Biophysical studies of cancer cells' traverse-vessel behaviors under different pressures revealed cells' motion state transition

Abstract

Circulating tumor cells (CTCs) survive in the bloodstream and then seed and invade to foster tumor metastasis. The arrest of cancer cells is favored by permissive flow forces and geometrical constraints. Through the use of high-throughput microfluidic devices designed to mimic capillary-sized vessels, we applied pressure differences to cancer cells (MCF-7 cell line) and recorded the cell traverse-vessel behaviors. Our results showed that cancer cells transform from a Newtonian droplet state to an adhesion/migration state when cancer cells traverse artificial vessels. To explain these phenomena, a modified Newtonian droplet model was also proposed. These phenomena and the modified model may reveal how CTCs in the blood seed and invade vessels under suitable conditions.

Figure 1

The design principle of the microfluidic device and time-lapse microscopy images of two typical cells with different traverse-vessel behaviors. (A) Schematic diagram of the double-layer microfluidic chip with CO₂ layer (blue) and cell cultivation layer (red) to maintain cell culture environment and culture cells. (B) A photograph of the microfluidic chip with CO₂ layer (upper, blue) and cell cultivation layer (bottom, red).

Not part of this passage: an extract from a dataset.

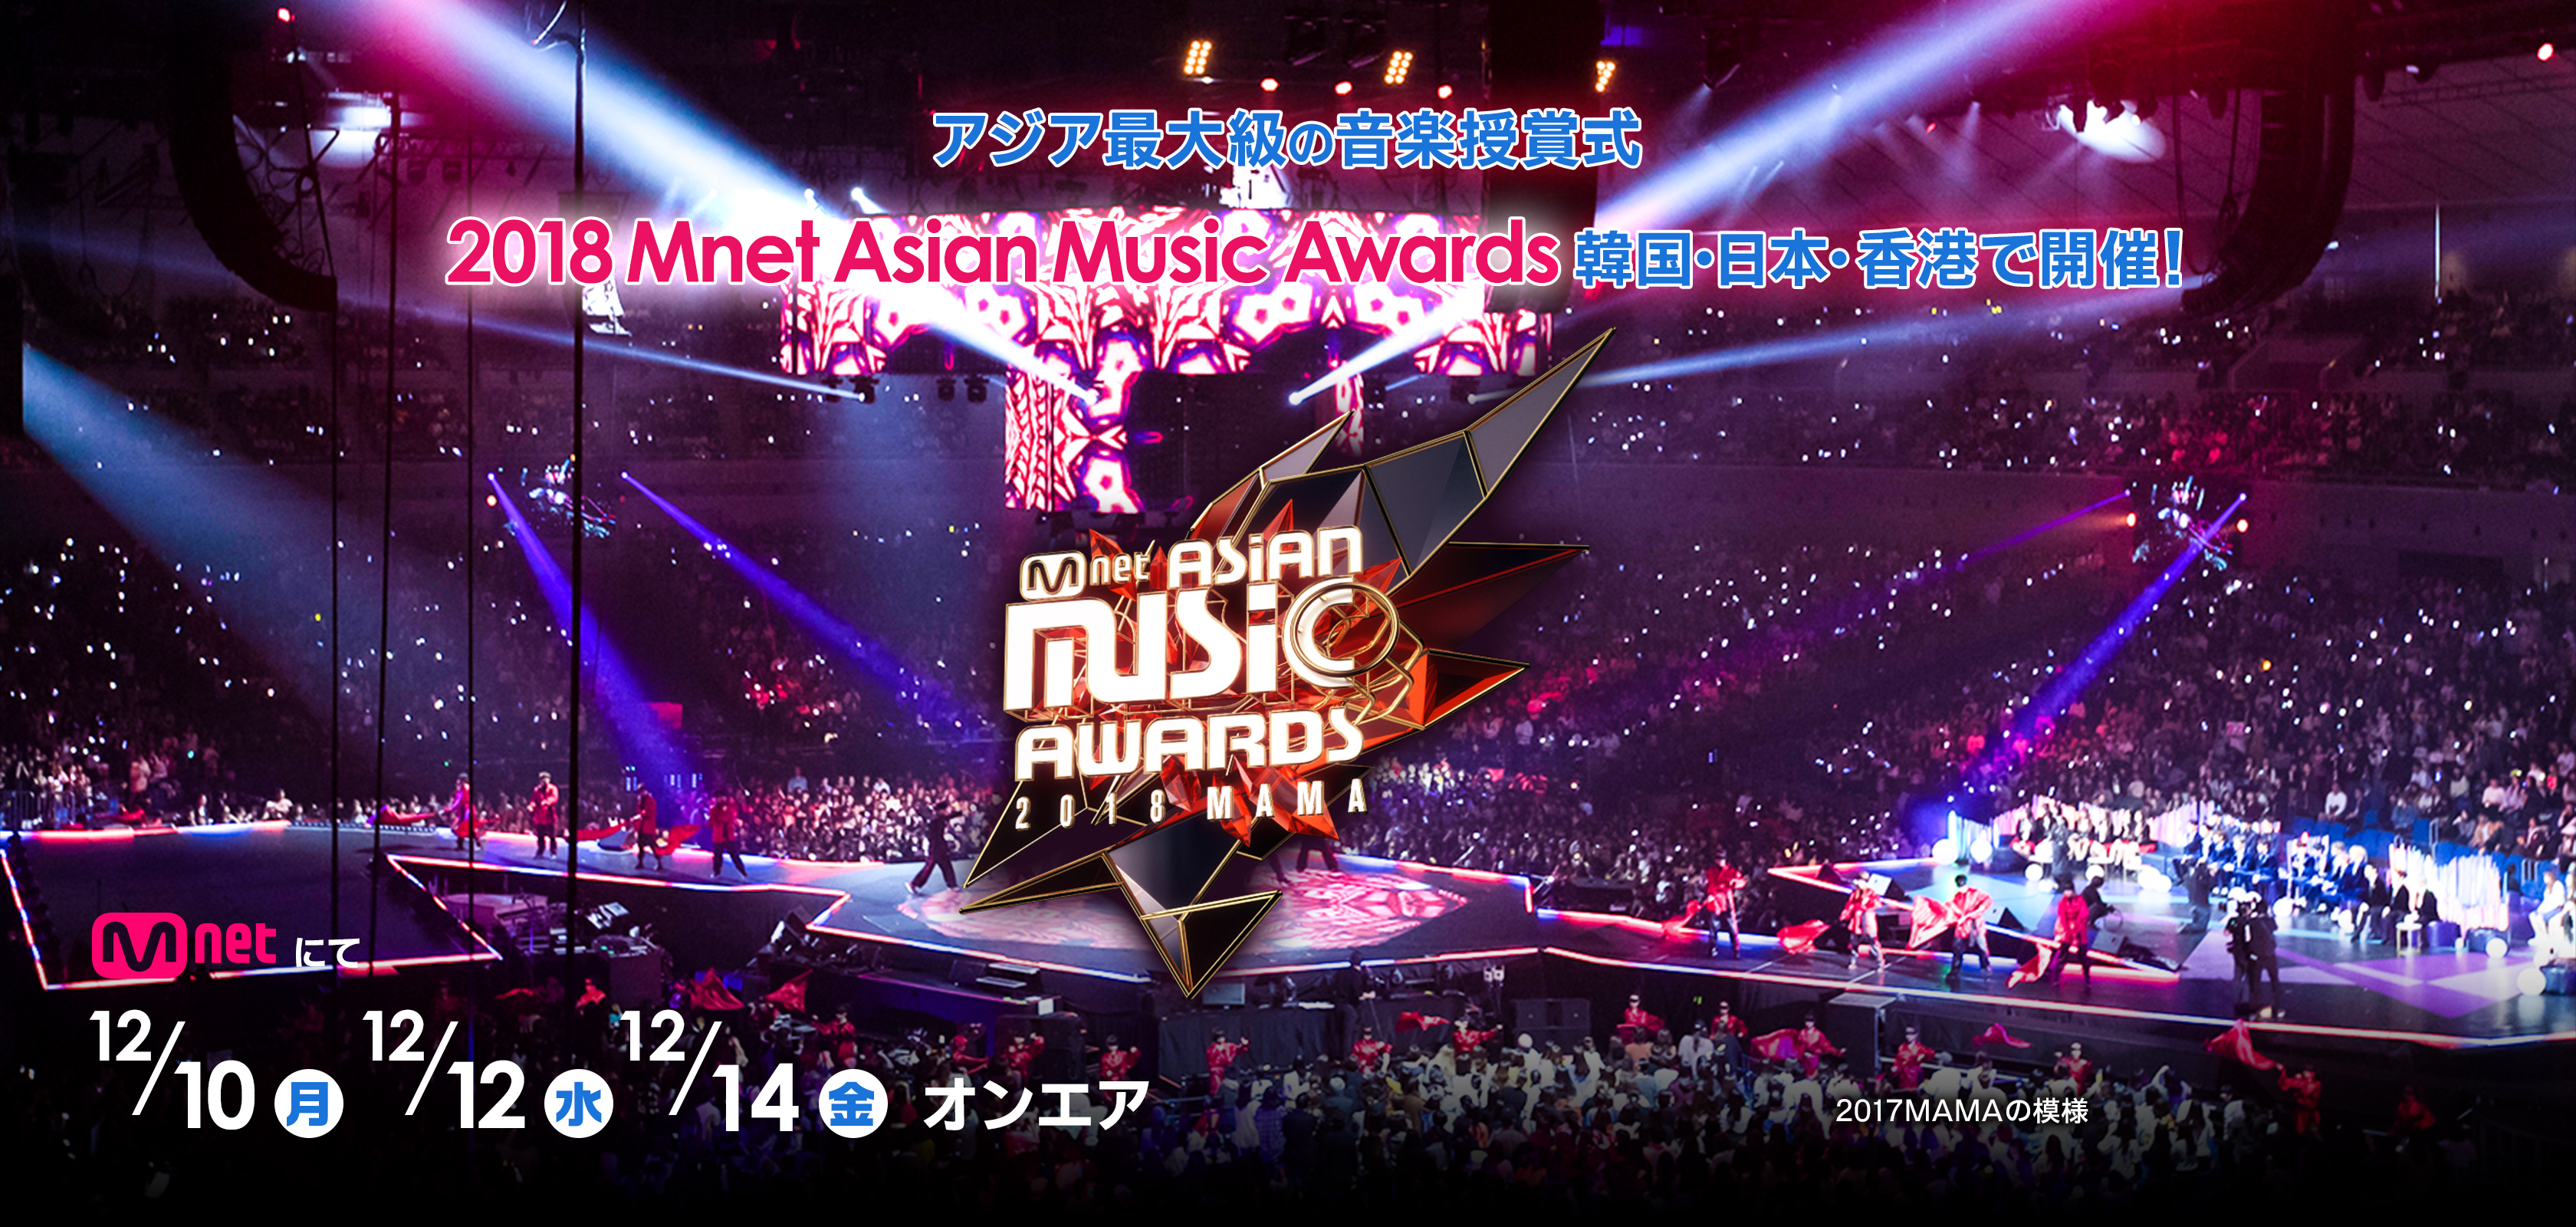 アジア最大級の音楽授賞式 2018 Mnet Asian Music Awards 韓国・日本・香港で開催！ Mnetにて12/10(月) 12/12(水) 12/14(金) オンエア 2017MAMAの模様 ©CJ ENM Co., Ltd, All Rights Reserved  ©CJ E&M Corporation, all rights reserved

Scale bar: 1 cm. (C) Detailed schematic diagrams of the cell cultivation layer with Inlet, Filter, Trap Unit and Outlet. (D) Schematic illustration of experimental design in the research. (E,F) Time-lapse microscopy images and the protrusion length as a function of time for two typical cells under applied pressure difference $\mathrm{\Delta }\mathit{P}$, 200 mbar and 100 mbar respectively. Scale bar: 20 μm.

Figure 2

Left: Dynamic behaviors of cancer cells traversing microvessels with 7.5 μm × 6 μm × 40 μm over time under four applied pressure differences $\mathrm{\Delta }\mathit{P}$ (400 mbar, 200 mbar, 100 mbar and 50 mbar); Right: Scatter plot of R-square and fitting velocities for cells traversing microvessels with 7.5 μm × 6 μm × 40 μm under four applied pressure differences $\mathrm{\Delta }\mathit{P}$ (400 mbar, 200 mbar, 100 mbar and 50 mbar). Red lines and Blue lines indicated cells with R-squared of linear fitting larger or smaller than 0.85.

Figure 3

The model and the simulation of traverse-vessel behaviors. (A) Sketch map of cell elongate, and adhere/migration in the microvessel. (B) The model for the dynamic behavior of cells in the microvessel. (C) The simulation of dynamic behaviors for cells under different pressure differences (50 mbar and 200 mbar) using the microfluidic chips with the same size of microvessels (7.5 μm × 6 μm). (D) The simulation of dynamic behaviors for cells under the same pressure difference (100 mbar) using the microfluidic chips with different sizes of microvessels (6 μm × 5 μm and 7.5 μm × 6 μm).

Figure 4

Distribution analysis of cells’ behaviors illustrated the transition. (A) Probability density distribution of cell apparent viscosities for 50, 100, and 200 and 400 mbar at various periods (0–10 min, 20–40 min, 80–120 min, 120–240 min). Major peak in blue, minor peak in pink and total in purple. (B) Probability density distribution of the R-squared of linear fitting for 50, 100, and 200 and 400 mbar at various times. The left y-axis shows frequencies and the right y-axis gives counts for both (A) and (B).

Figure 5

(A,B) Heatmap depicting the number of cells with corresponding R-squared and apparent viscosities under the pressure difference 50 mbar. (A) Counts cells between 20 and 40 min in experiments. (B) Counts cells between 40 and 80 min in simulations. (C,D) Medians of apparent viscosities and R-squared of cells (up to 400 cells in the first time frame under the pressure difference 50 mbar, no less than 20 cells in the final time frame under the pressure difference 400 mbar) over time under different pressure differences in experiments. Insets are in simulations. (E) Ratio of residual cells (larger than 200 cells in any condition at the start of experiments) to total throughout the experiments under different pressure differences. Inset is in simulations. Dashed lines represent results of linear fitting for two distinct stages.

Figure 6

The summarization of the R-squared and the apparent cell viscosity of the cell traverse-vessel behaviors at different conditions. (A,B) The comparison of plots of R-squared and cell apparent viscosity as functions of pressure applied for experiments and simulations under different pressure differences (median of all available cells in one condition, and no less than 80 cells in any condition at any time). (C) Illustration of cell transition from Newtonian liquid mode to adhesion and migration mode.